Are you looking for a tasty and healthy recipe to impress your friends and family? Look no further than aubergine parmigiana! This classic Italian dish is packed with flavour and nutrients, making it the perfect choice for a hearty and satisfying meal.
In this article, we'll give you the recipe for aubergine parmigiana, along with calorie content and nutritional value breakdown, fun food hacks, additional vegetables to use, substitution lists, alternatives for gluten-free and vegan diets, serving size information, and suggestions for pairing. So let's get started.
The dish Aubergine Parmigiana, also known as Eggplant Parmesan or Parmigiana di Melanzane in Italian, is a classic Italian dish that originated in the region of Southern Italy, particularly in the areas of Campania, Sicily, and Calabria.
The origins of Aubergine Parmigiana can be traced back to Mediterranean cuisine and the introduction of eggplants, or aubergines, to Italy from the Middle East. The dish evolved as a way to make use of this versatile vegetable in a delicious and satisfying manner.

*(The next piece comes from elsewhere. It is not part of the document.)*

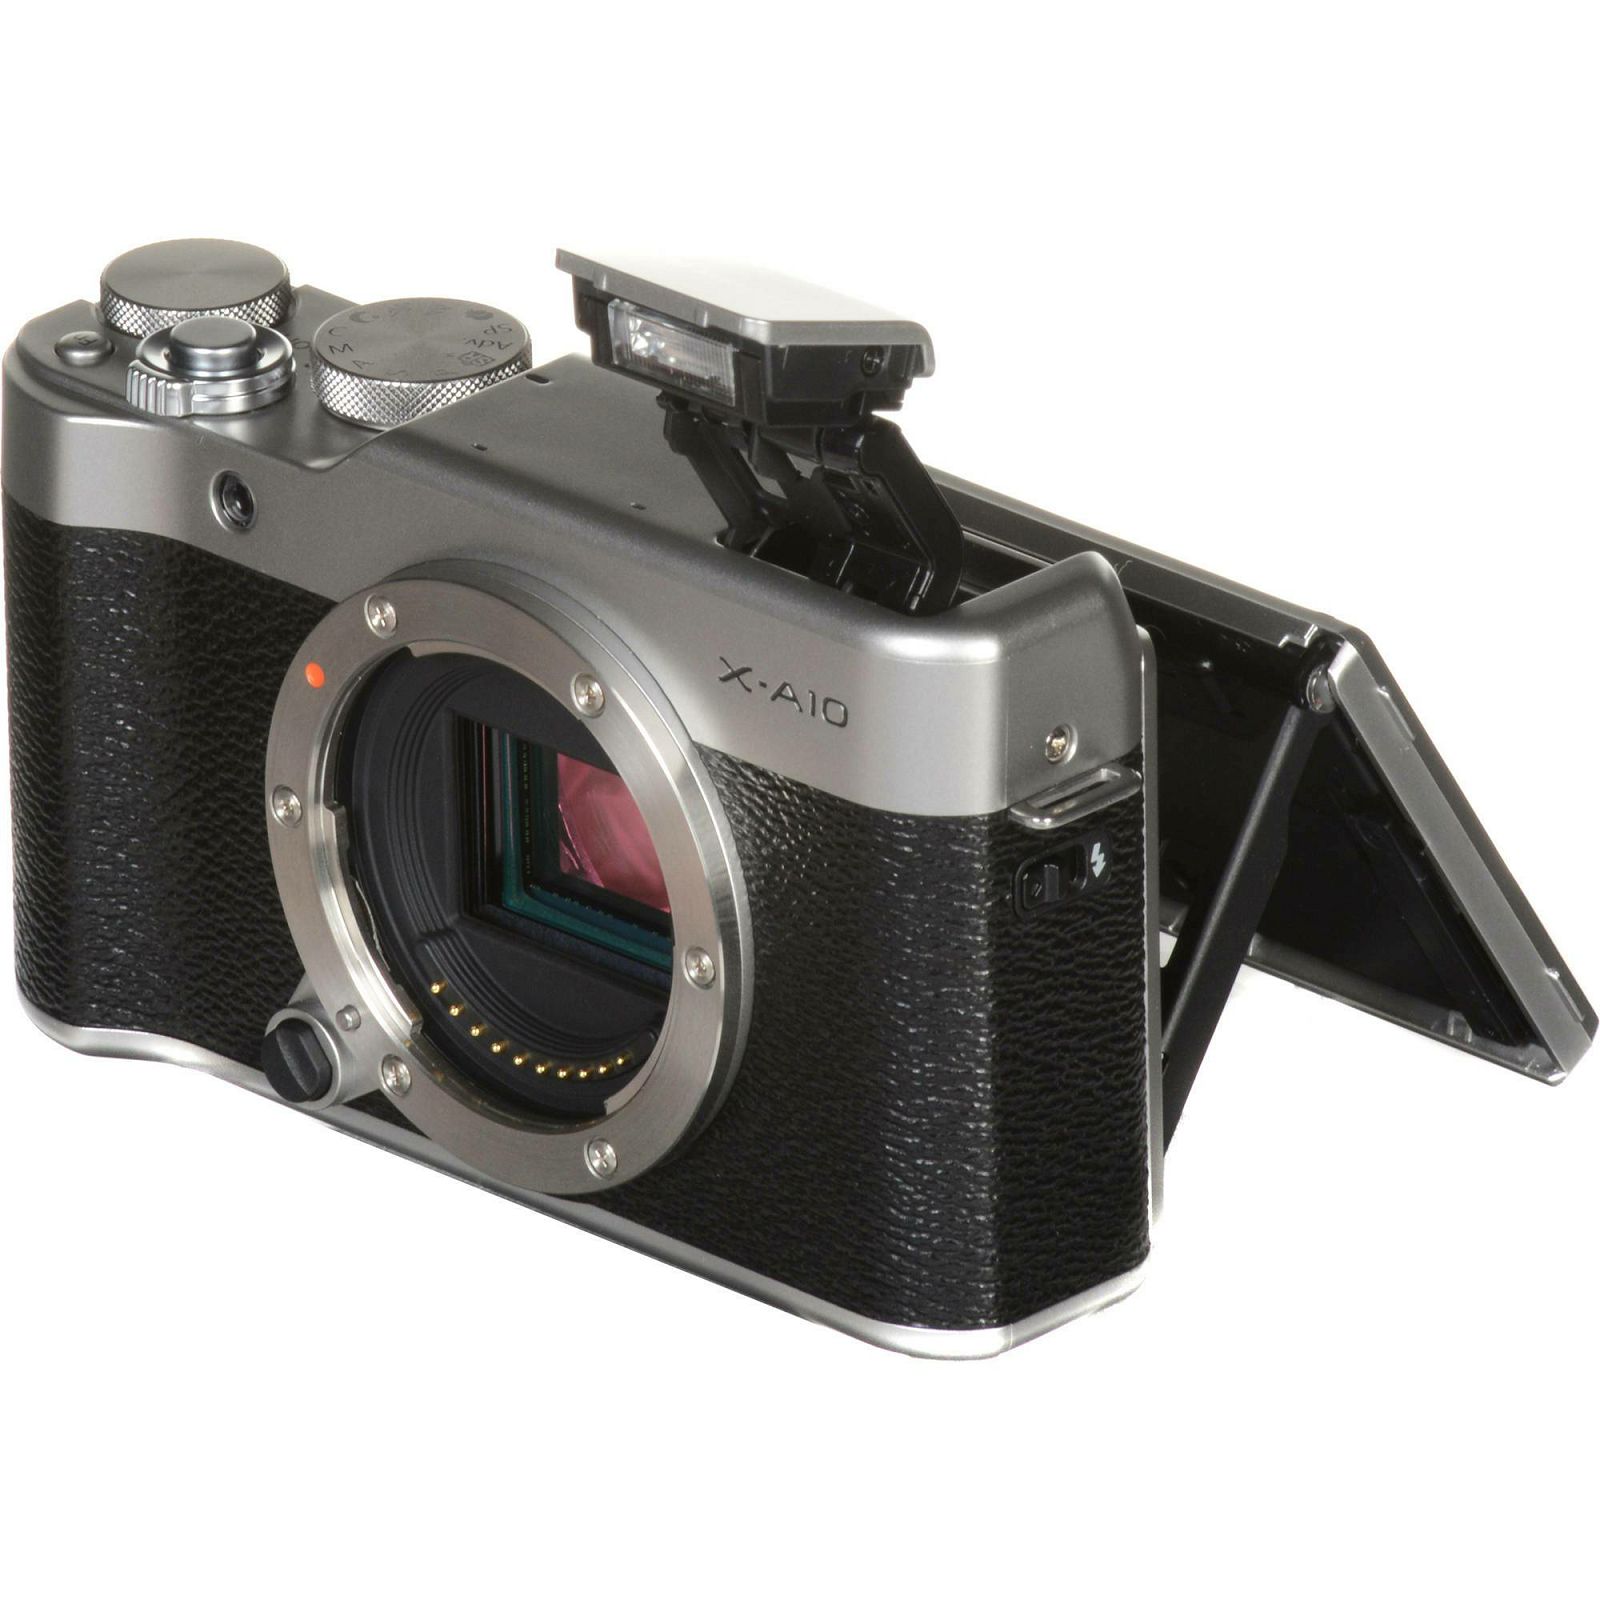 Fujifilm X-A10 + XC 16-50 II KIT digitalni mirrorless fotoaparat s objektivom 16-50mm f3.5-5.6 OIS II Fuji Body 16 MP APS-C 3.0" 1040k Tiltable and lens

The name "Parmigiana" does not refer to the use of Parmesan cheese in the dish, as it might be assumed. Instead, it is believed to have originated from the Sicilian dialect word "parmigiana," which means louvred wooden shutters. The term was used to describe the layering technique in which the eggplant slices are arranged in a similar way to the overlapping shutters.
Table of Contents
Recipe for Aubergine (Eggplant) Parmigiana
- 2 large aubergines
- 1 can (400g) of chopped tomatoes
- 1 onion, chopped
- 2 cloves of garlic, minced
- 1 tablespoon of olive oil
- 1 teaspoon of dried oregano
- 1 teaspoon of dried basil
- Salt and pepper to taste
- 200g of mozzarella cheese, grated
- 50g of parmesan cheese, grated
- Fresh basil leaves for garnish
- Preheat the oven to 200°C.
- Slice the aubergines into rounds, about 1cm thick.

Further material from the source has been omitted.